The story behind the origins of dim sum, according to this 58-year-old civil engineer, dates back to the imperial courts of China where it was customary for the emperor to be served 1,000 different dishes at every meal.
It was after all, an apt way to honour the son of heaven but alas, the emperor’s gut would not have the same proportions as his vast empire.
So, the imperial chef came up with the brilliant solution of reducing the portions to manageable bite-sized dumplings, all with different fillings and flavours.
And that, more or less, was how dim sum was invented.
Perhaps its royal roots may have something to do with the way dim sum is regarded in the diner’s eyes.
A proper dim sum meal is never hurried, should most ideally be partaken sitting down and always accompanied with delicate cups of well-brewed Chinese tea, gently sipped and ceremoniously replenished.
And because of its leisurely demeanour, dim sum sessions are apt moments for the revealing of grand plans, a bit of soul baring and jovial get-togethers among old friends.
For Wong, who took over the running of this dim sum restaurant from a relative who had to retire due to ill health eight years ago, having dim sum meals is also one way of eating light.
“I shudder at the thought of the amount of oil in fried noodles or nasi lemak.
“My dim sums are nothing like that.
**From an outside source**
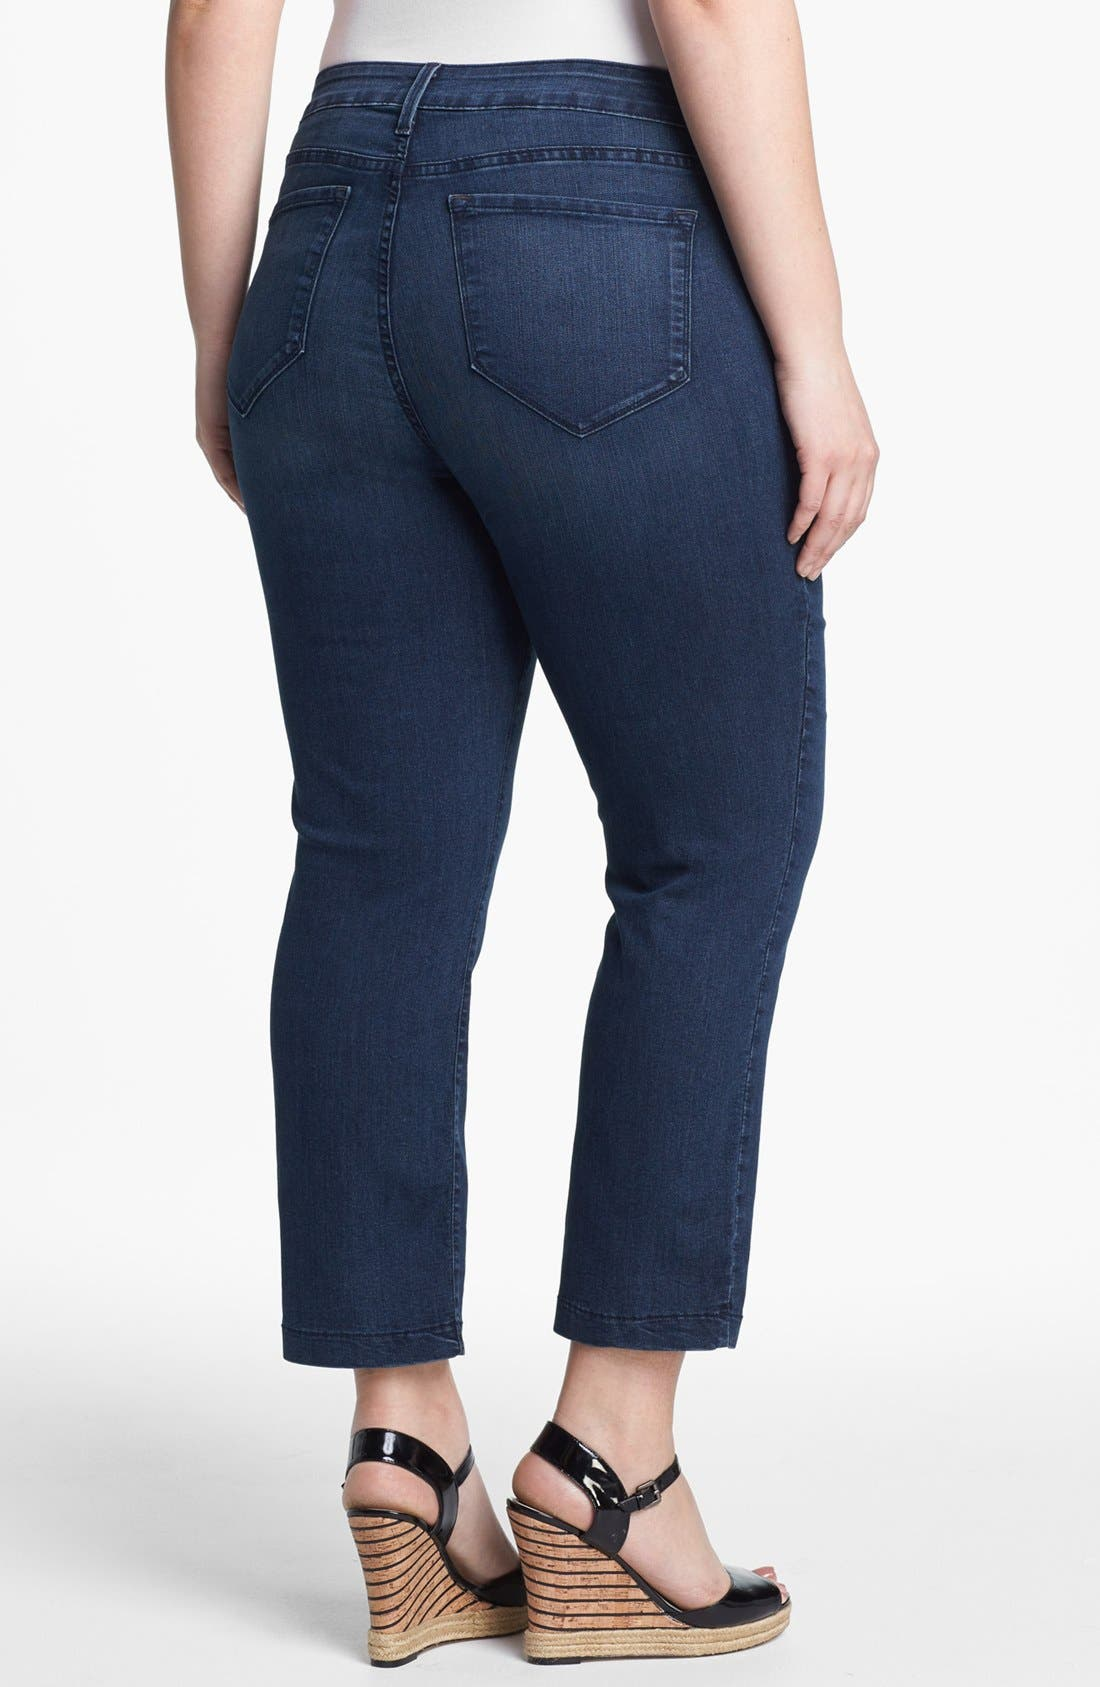 Alternate Image 2  - NYDJ 'Audrey' Stretch Ankle Skinny Jeans (New York) (Plus Size)

I use only lean minced pork, and even then I add in more fish paste and chopped water chestnuts.
“When I first introduced the change, someone remarked that I would close shop in three months!
“He said that a lot of Chinese customers who were used to having a lot of oil and pork in the dim sums would not like my version.
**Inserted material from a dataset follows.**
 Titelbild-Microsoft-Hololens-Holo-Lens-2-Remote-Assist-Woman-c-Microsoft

“It’s been eight years now and the complainant is still coming over to my restaurant for his morning dim sum,” laughed Wong.
So particular is Wong about the oil issue that he will not even hear of having the regular deep-fried favourites such as yam cutlets and sesame balls in his menu.
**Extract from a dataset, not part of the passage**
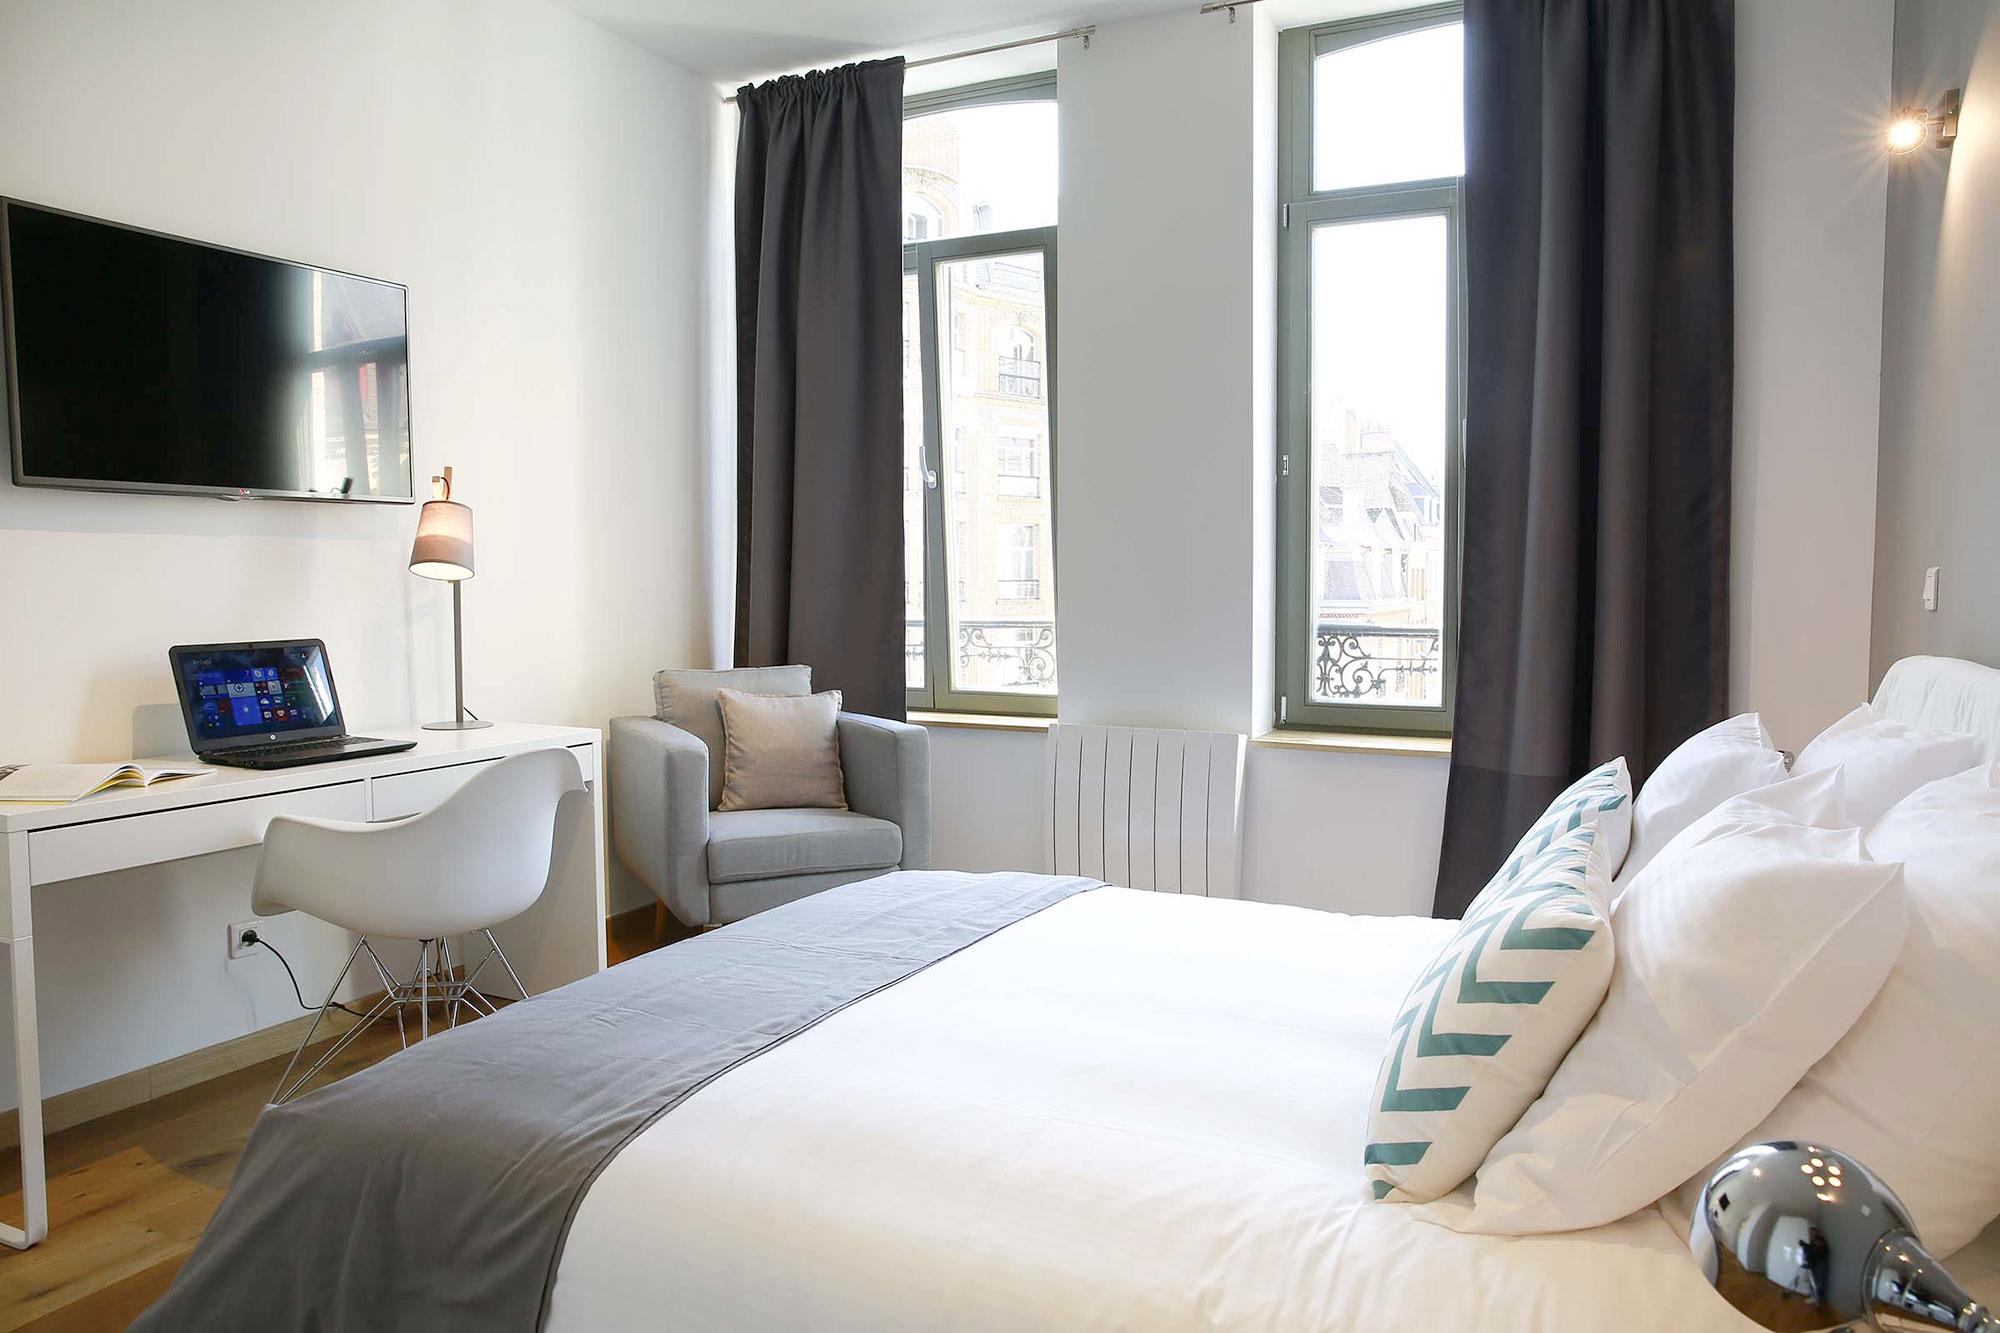 le vendome 21 flandres appart h tel lille. Black Bedroom Furniture Sets. Home Design Ideas

“Sorry, but I think they are unhealthy. What I will allow are baked items like the meat buns and egg tarts.
“I have also introduced vegetarian paus which are a favourite with the ladies,” he said.
That aside, Wong offered a tip in looking out for stale dim sums.
“Watch out for any yellowy or blackish fillings. This means that the dim sums have been left overnight and are not fresh,” he said.
Ask Wong where he got the gumption to make such changes to a traditional Chinese favourite well known for its lack of respect for cholesterol and sodium levels and he simply answered that he had gotten his courage from providence.
“When I was offered to take over this restaurant, I did a lot of soul searching.
“At first, I thought I’d replace it with a Western menu featuring steaks and sandwiches but one old timer from Pudu warned me that if I did that only ghosts would come here to eat!”
After much deliberating, Wong found the answer one stormy night.
“It was raining heavily and there was thunder and lightning. At that time, I was praying and the answer struck me like a thunderous awakening – there was no doubt that I was meant to take over the dim sum restaurant,” Wong recalled.
So, with RM145,000 as capital to refurbish the place, Wong strode ahead and made the necessary changes.
The last word from Wong not only mirrored his outlook on the trend of dim sum mornings but on life as well.
“To enjoy dim sum is to enjoy life. Just sit down, look at the scene, read a newspaper, you’ll get what I mean,” he smiled.
Pudu Cafe is located at 45, Jalan Pasar Baru, Off Jalan Pudu, Kuala Lumpur (03-9223 7645 / Open: 6am-2pm. Non-halal).